Барсуков, поднимаясь, проходит к посту дневального. И вовремя. В казарму влетает помощник дежурного по училищу с двумя звёздочками на погонах.
– Почему с поста ушли?
– С какого поста? С тумбочки, что ли? – ехидно улыбается Олег.
– С тумбочки, с тумбочки! – и, повернувшись уже к дежурному по роте: – Дежурный! А ты куда смотришь? – злясь, выговаривает лейтенант.
– Это тумбочка ушла, пока мы песню слушали, – парирует сержант и, обращаясь к тумбочке, пнув её сапогом, приговаривает:
– Ещё раз так сделаешь, порублю на дрова! Поняла? Сестра Буратино!
Лейтенант плюет под ноги и, выходя из казармы, ворчит:
– Салабоны долбанные, связываться не хочется.
Товарищ лейтенант сам в прошлом году вышел из стен нашего родного училища. Но кормить комаров в тайге или гонять скорпионов в пустыне не захотел, вот и остался курсовым офицером. Им же, выпускникам нынешнего года, у которых нет отцов-генералов, богатых и высокопоставленных родственников, корячились самые дальние гарнизоны. Потому и смотрели будущие офицеры на лейтенанта свысока, как на штабиста и приспособленца, уважая только тех курсовых, которые прибыли из войск, отслужив честно свою пятилетку на задворках нашей любимой родины.
По курсантским меркам, вообще-то, он старше их всего на один год. Но лейтенант-то молодой! Обострять отношения и портить себе нервы с выпускниками «лейтеха» не захотел. Да и нужны ли ему чужие курсанты? От своих первокурсников голова кругом идёт. И лейтенант растворился в темноте аллеи.
***
В казарму со стороны заднего входа вошли два дневальных, которые были на ужине. Это курсанты нашего взвода – Коля Ткаченко и Иванов Сережка.

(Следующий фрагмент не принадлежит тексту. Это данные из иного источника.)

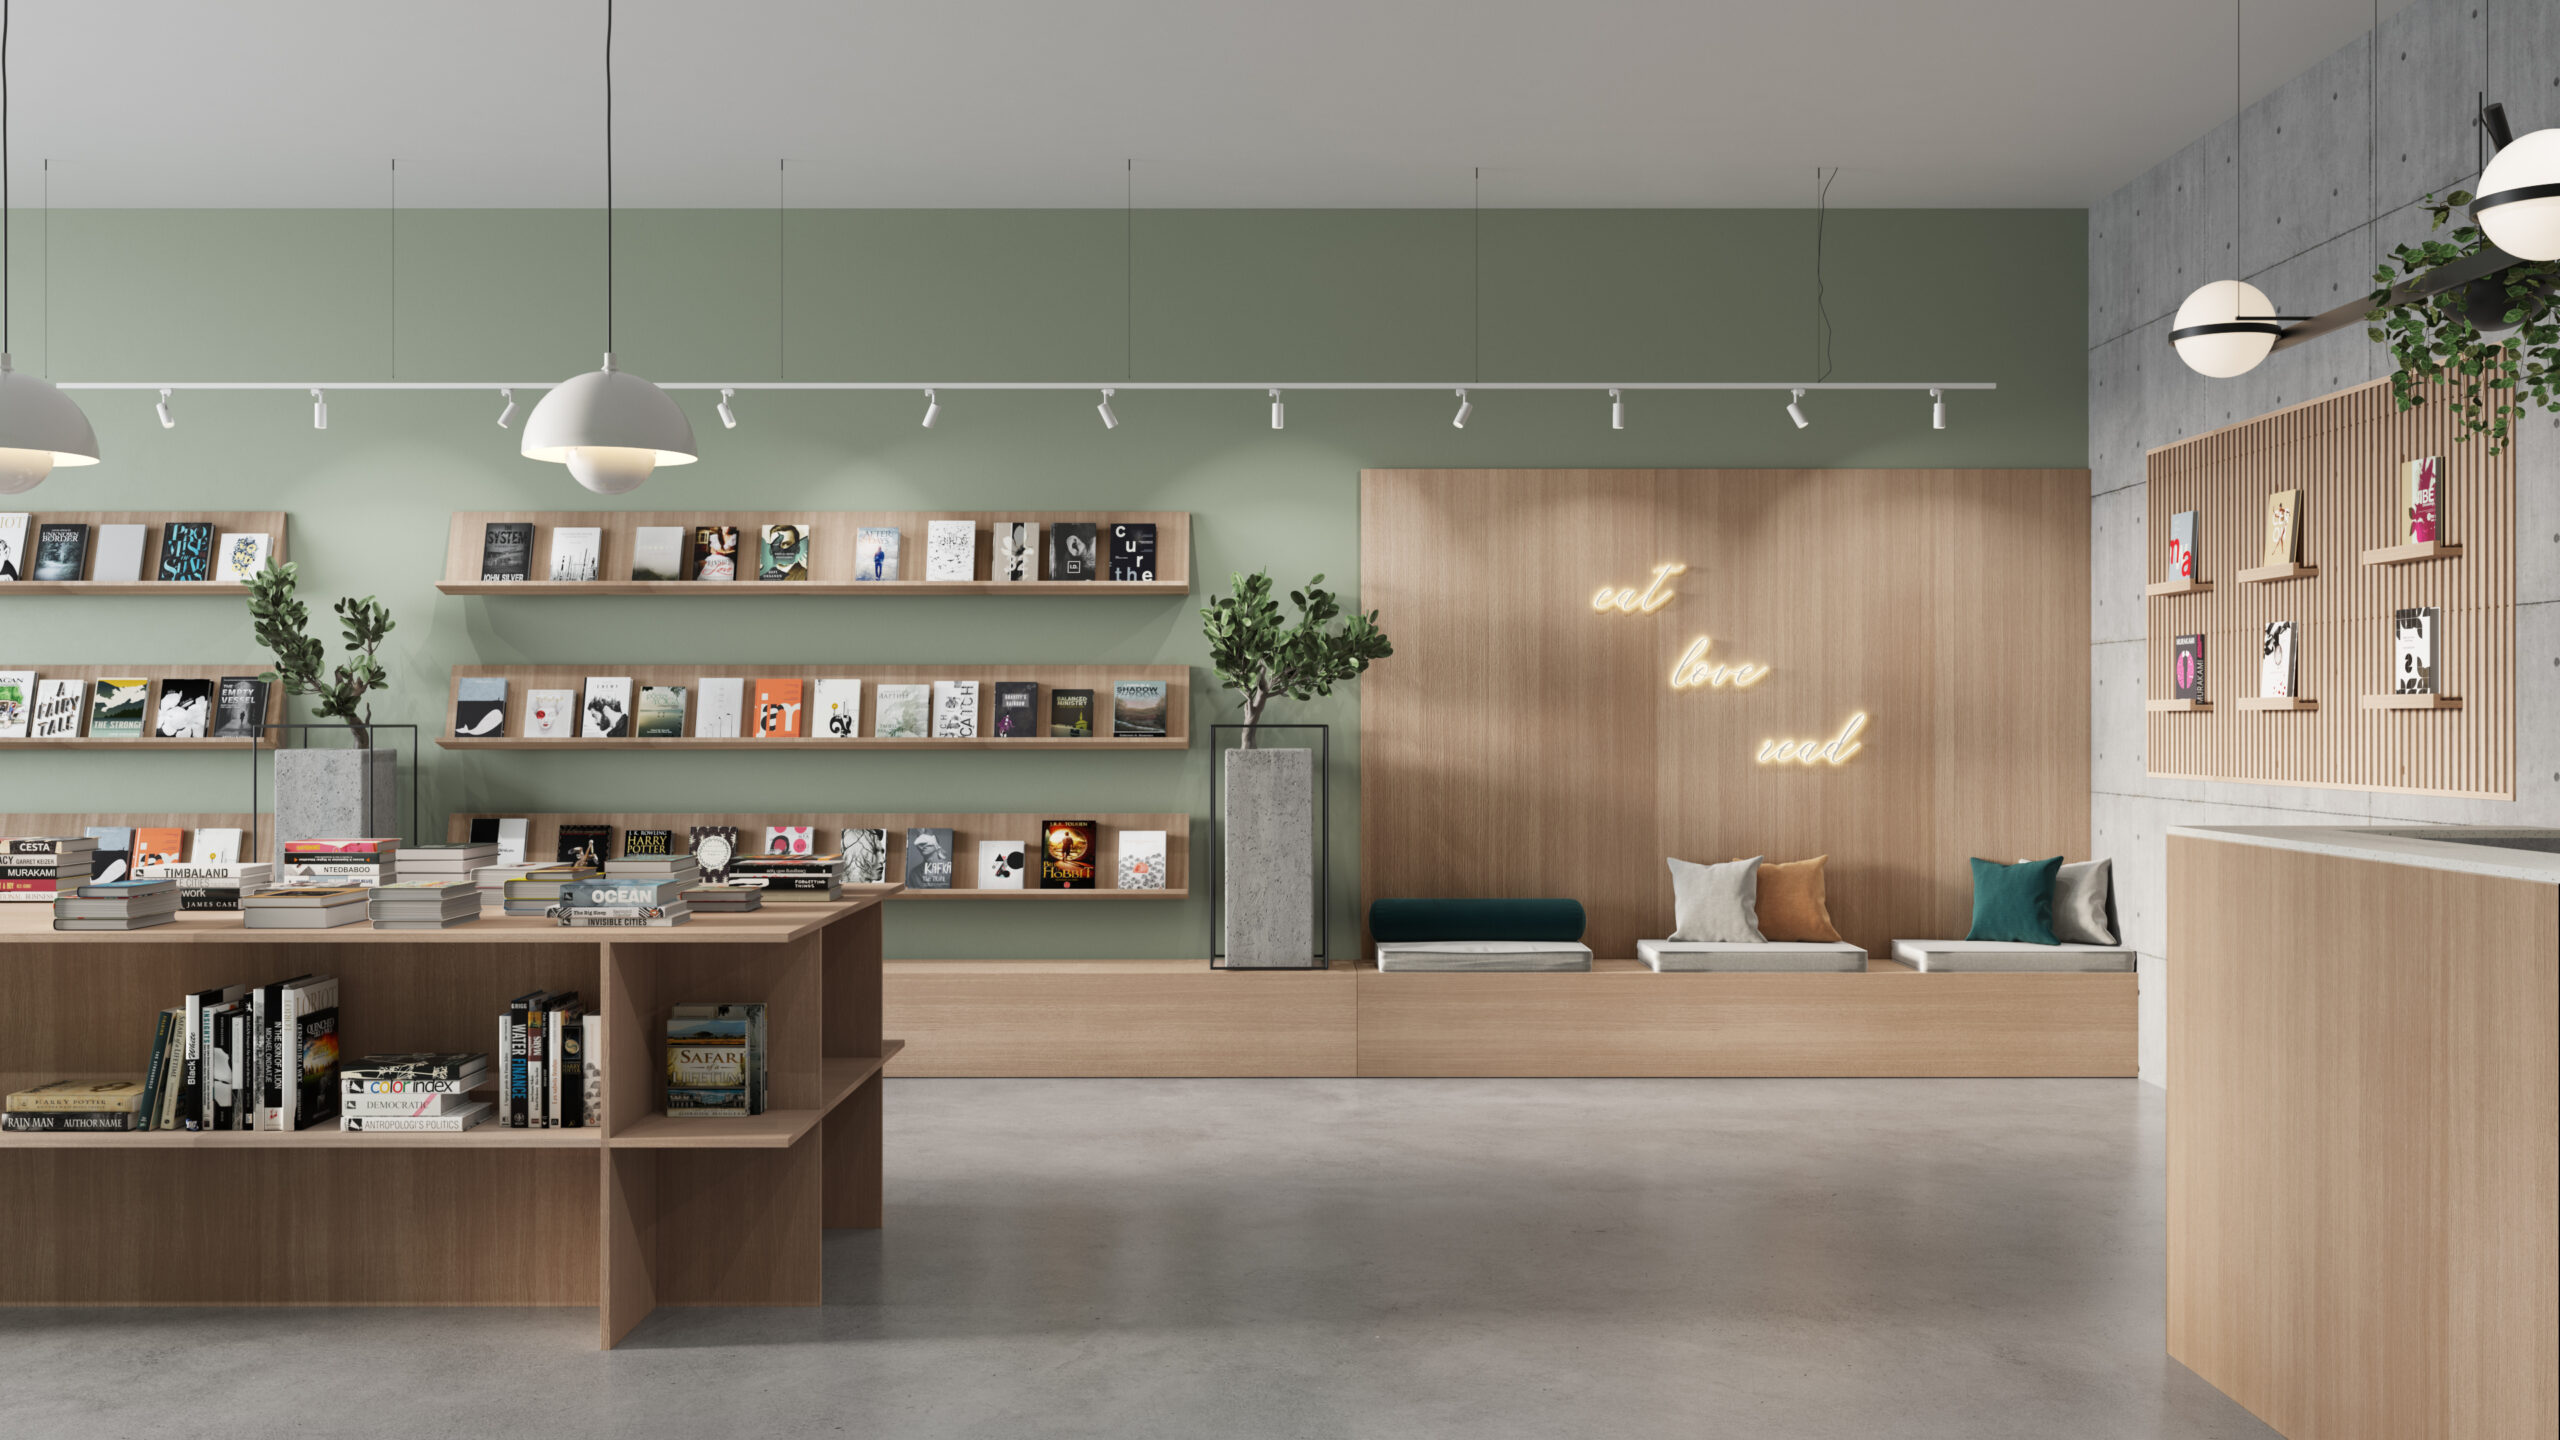 Image of a Book Store with furniture made with Thermally Fused Laminate in Rift Oak by Duramar.

Наряд по роте состоял из трёх рядовых и дежурного – сержанта. Ещё была табуретка, которую мы выставляли на ночь, чтоб не стоять у тумбочки. А оправдывали сие нарушение устава подготовкой к государственным экзаменам.
Но сегодня внутреннему наряду ссориться с уставом было не с руки. Барсуков привез из города пол-литра.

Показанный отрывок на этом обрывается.